Render speed-ups and performance investigations.#153
Merged
Conversation
Extend html-compress to mark book-combined as compress-eligible so book.html collapses inter-element whitespace at Jekyll time instead of paged.js's WhiteSpaceFilter doing ~37k DOM mutations at render time. Reorder :pages, :post_render and :documents, :post_render hooks into a three-tier convention so adding compress to book.html composes correctly with the other plugins: :high mutators (book-href-rewrite) :normal compress (html-compress) :low readers (pdfify capture, offlinify per-page rewrite) Without the layering, book-href-rewrite's landing-heading strip ran after compress, leaving adjacent single-space runs that no downstream pass collapsed. The 3-tier ordering makes "compress is the last cleanup pass among mutators" and "readers see final compressed bytes" hold by construction. Verified: 0 outside-pre multi-whitespace runs in the regenerated book.html (was 37,087 without compress). Branch-counting the WhiteSpaceFilter post-fix shows DOM mutations drop from ~37k to 0. Ruby-prof A/B confirms the priority shuffle is CPU-invariant; the only attributable cost is one extra compress! call (~480 ms once per Jekyll build, ~300-500 ms saved per paged.js render). Adds analyze-trace.mjs --children mode used to localise this during the investigation. Full writeup in perf/README.md and docs/_plugins/html-compress.md.

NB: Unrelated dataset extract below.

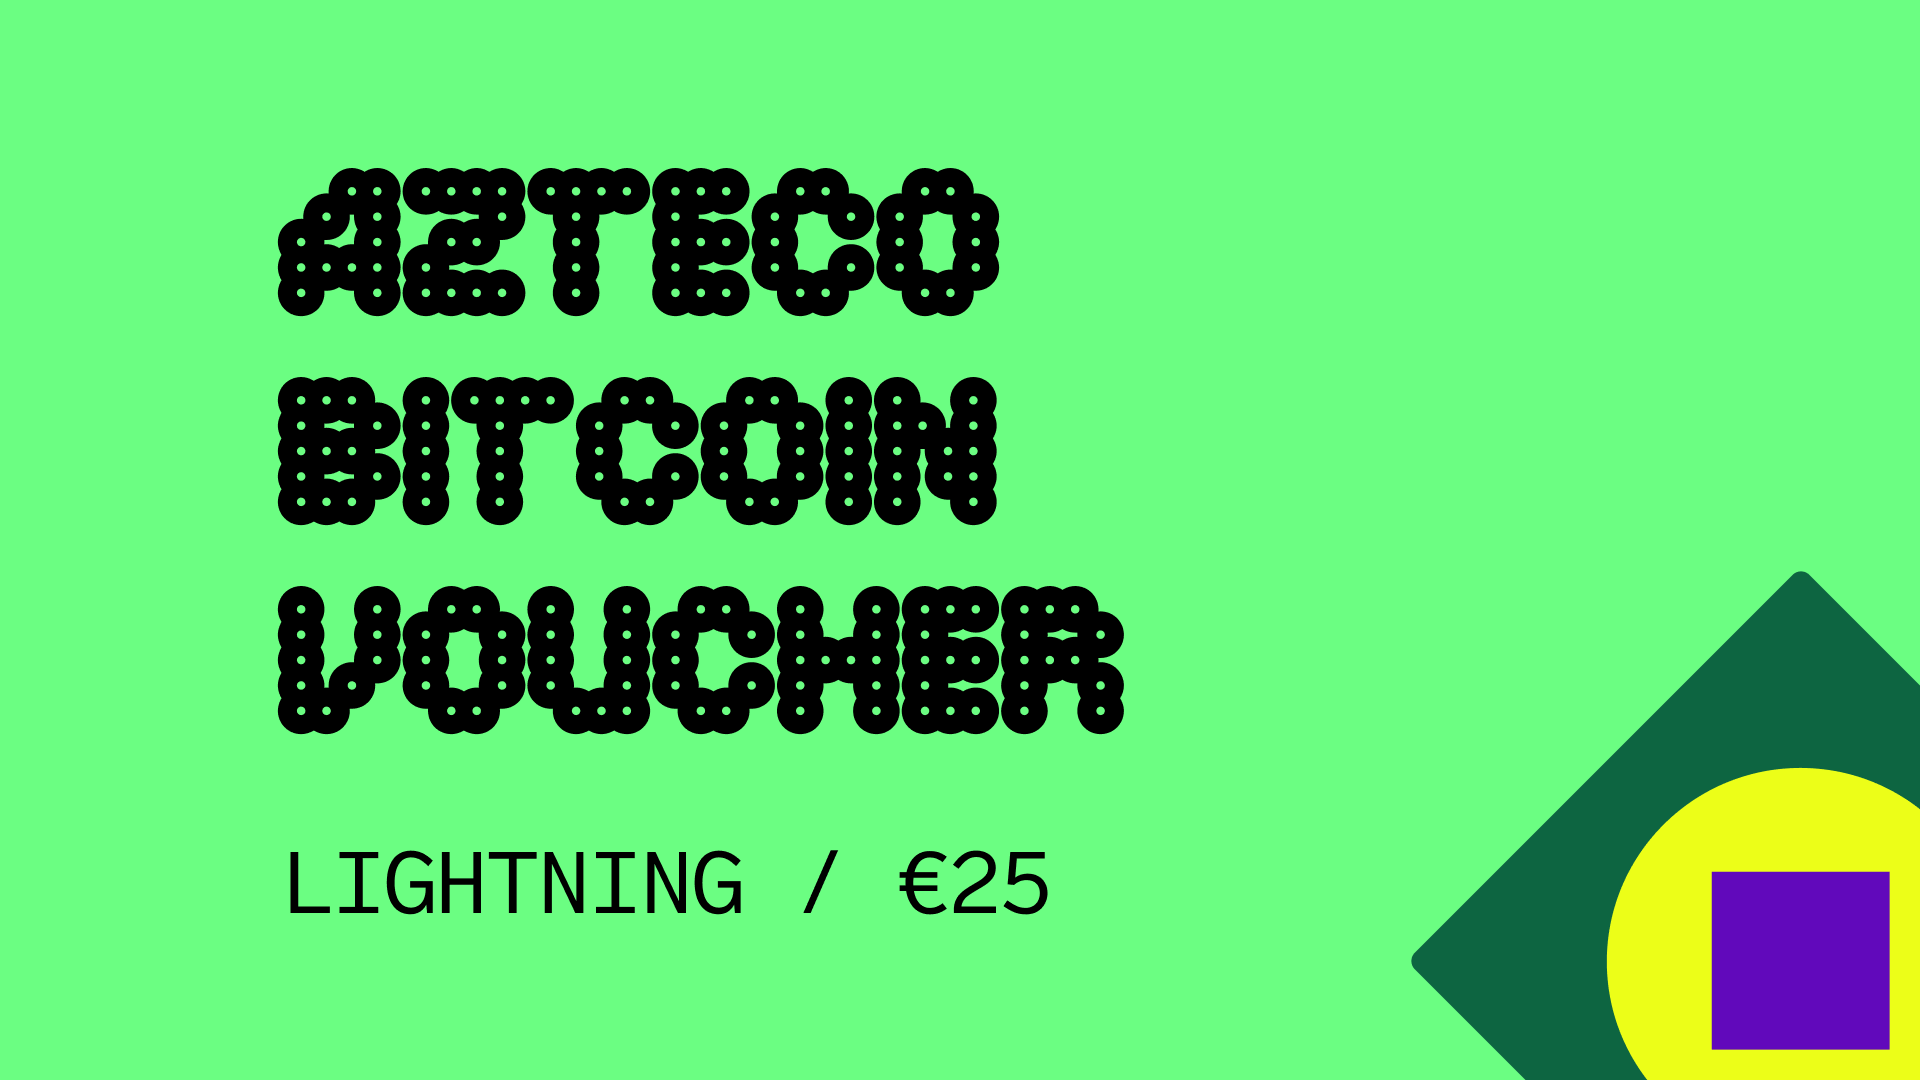 Azteco Bitcoin Lighting €25 Voucher [USD 28.25]

A 3+3 paired cpu-profile A/B (perf/ab-aggregate.mjs) showed the filter's 181k TreeWalker callbacks cost ~600 ms of CPU on every render even when html-compress has already collapsed inter-element whitespace at Jekyll time. ~125 ms is direct (filterTree/filterEmpty self); the rest is indirect -- gBCR, recalcStyle, performLayout and UpdateStyleAndLayout all run ~14% cheaper per call when V8's IC and Blink scheduler aren't being churned by 181k C++->JS dispatches. The cost is small per call but compounds because the walk lives inside the same microtask continuation as the per-page render loop. Earlier wall-clock A/B (3+3, 8.78s vs 8.53s) had attributed the delta to noise; that was wrong. Per-row aggregation across paired cpu profiles shows the filterTree row at 88 ms (sd 14) vs 2 ms (sd 1) -- a 6 sigma shift -- and the downstream gBCR row at -338 ms mean, consistent with the trace's -574 ms drop on Document::UpdateStyleAndLayout total. The fix: gate the TreeWalker invocation behind window.PagedConfig.runWhitespaceFilter (default undefined = off). Our pipeline never sets the flag because html-compress already does the work; documents that need the cleanup can opt back in. Also adds perf/ab-aggregate.mjs (per-row mean+SD aggregator across 6 paired cpu profiles) and a long writeup in perf/README.md with the methodology, the corrected understanding of why the filter has cost (not flush migration -- it does no layout-flushing work; it's V8 IC pressure + Blink scheduler overhead), and lessons about when to trust wall-clock vs aggregated cpu-profile rows.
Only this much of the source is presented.